There are two completely separate circuits here. The only thing they have in common is the power relay. The purpose is to isolate the test power from the control power & the operator. Both circuits may be used at several voltages independent of each other. The voltages of 12Vdc, 120Vac, 240Vac may be used as well as other voltages above and below, which are likely to be produced by exotic generator tests. The power relay may be a 12Vdc or a 120 Vac unit. Both use the same socket. The PowerMouse has a switch to select 12Vdc or 120 Vac operation of the control circuit. The two sockets of the outlet are wired in series, not parallel as usual.

The original idea came from a magazine article in the early 70's. It was a device to make magnets with. The device was merely a small coil of wire in series with a switch and a circuit breaker. The polarity of the magnet could not be predicted. It depended on which phase the AC line power was in when the switch was thrown. A rack of power diodes that plugs into the series socket makes that predictable. Another experiment it may be used for is to determine the proper size of a glass plate limiting capacitor so that a 12 volt ignition coil may be powered directly from the wall outlet without burning out.

The most obvious use for the BoomBox is to do 'smoke tests' with. This is particularly important if capacitors are involved. Capacitors explode like bombs when overloaded. That's why the PowerMouse has so many switches and lights. It also has a long extension cord which can be used as a stereo extension cord as well. The transmitter may send a large amount of RF energy back to its power source if it is faulty. A small (small) degree of safety is added by using this device for it as well.

The grounds for the two circuits may be tied together or kept separate by the screw in the middle of the outlet. The outlet is mounted on rubber faucet washers inside the box. When a 3 phase alternator is used as a 2 phase generator the midpoint ground is not neutral the way it is for split phase 60 cycle AC. That midpoint ground will present full voltage every 3rd phase. That's why the grounds are made to be separatable.
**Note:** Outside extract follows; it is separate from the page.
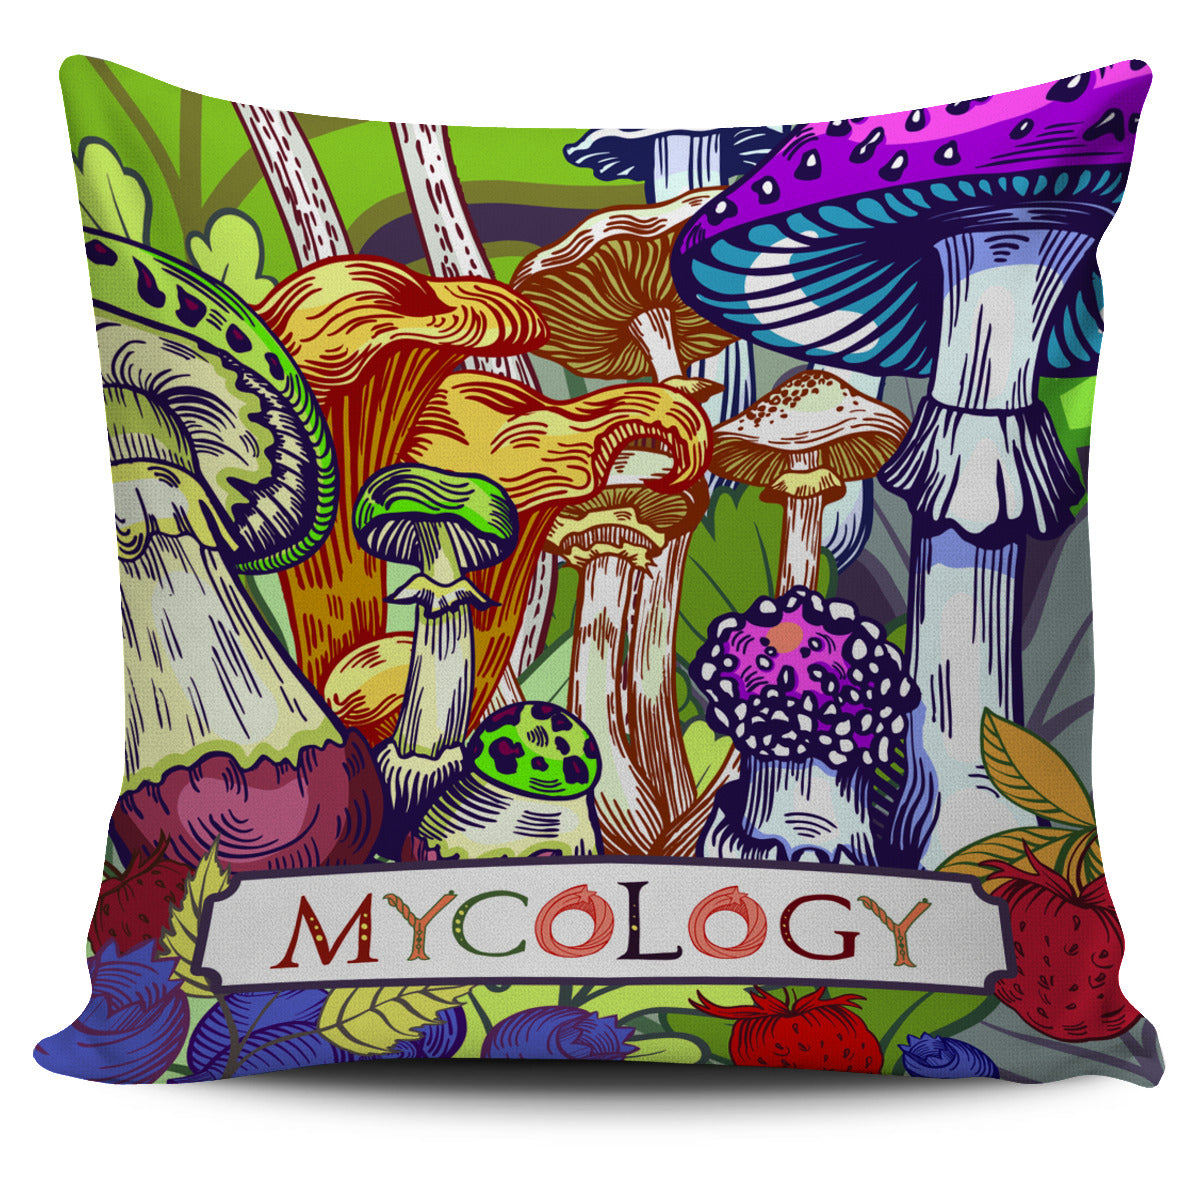 Colorful Mycology Pillow Case

The two green neon lights on the box are to indicate that the relay is ok after a test is made. An inductor has a tendency to burn the points as they separate but a capacitor has a tendency to weld them shut when they close. Burned points tend to weld together easily also. They lights are supposed to remain off if that happens. They are not foolproof. They are only one more little bit of added safety. They will not function at all for 12 volt power tests.

The circuit breakers are designed for 120 & 240 Vac. They will hopefully work at lower & higher voltages and for DC. The amperage that they trip at will probably be different then. Future testing will determine that. Do not use slide switches as DPDT switches for power circuits. They short the two power lines together momentarily as they slide.

Before actual testing of the BoomBox the plugs are measured to see if there is a direct short inside the box. Ok so far. Finally the moment of truth has come. It's time for the actual test. When it comes to testing power circuits I'm a devout coward and I wear heavy rubber gloves. The inside of the box is crammed full of wires. It started out as a simple idea, but it grew quite a bit along the way. The control circuit is tested first. The clicking relay tells me that part is ok. The power side is connected. The relay clicks again, no smoke yet. The shunt plug and a drill are plugged into the test outlet. It works ok.

One of the green 'Point OK' neon lights is working ok the other remains dark. That happened because I had only used a 2 wire extension cord for testing. A grounded 3 wire cord is required for both lights to operate properly. When the 120/240 switch is in the 240 position they both flicker because they are at ½ voltage. The BoomBox has passed the test. The 3 wire cord was not used because for this test I wanted to see if the metal box was electrically hot using a meter.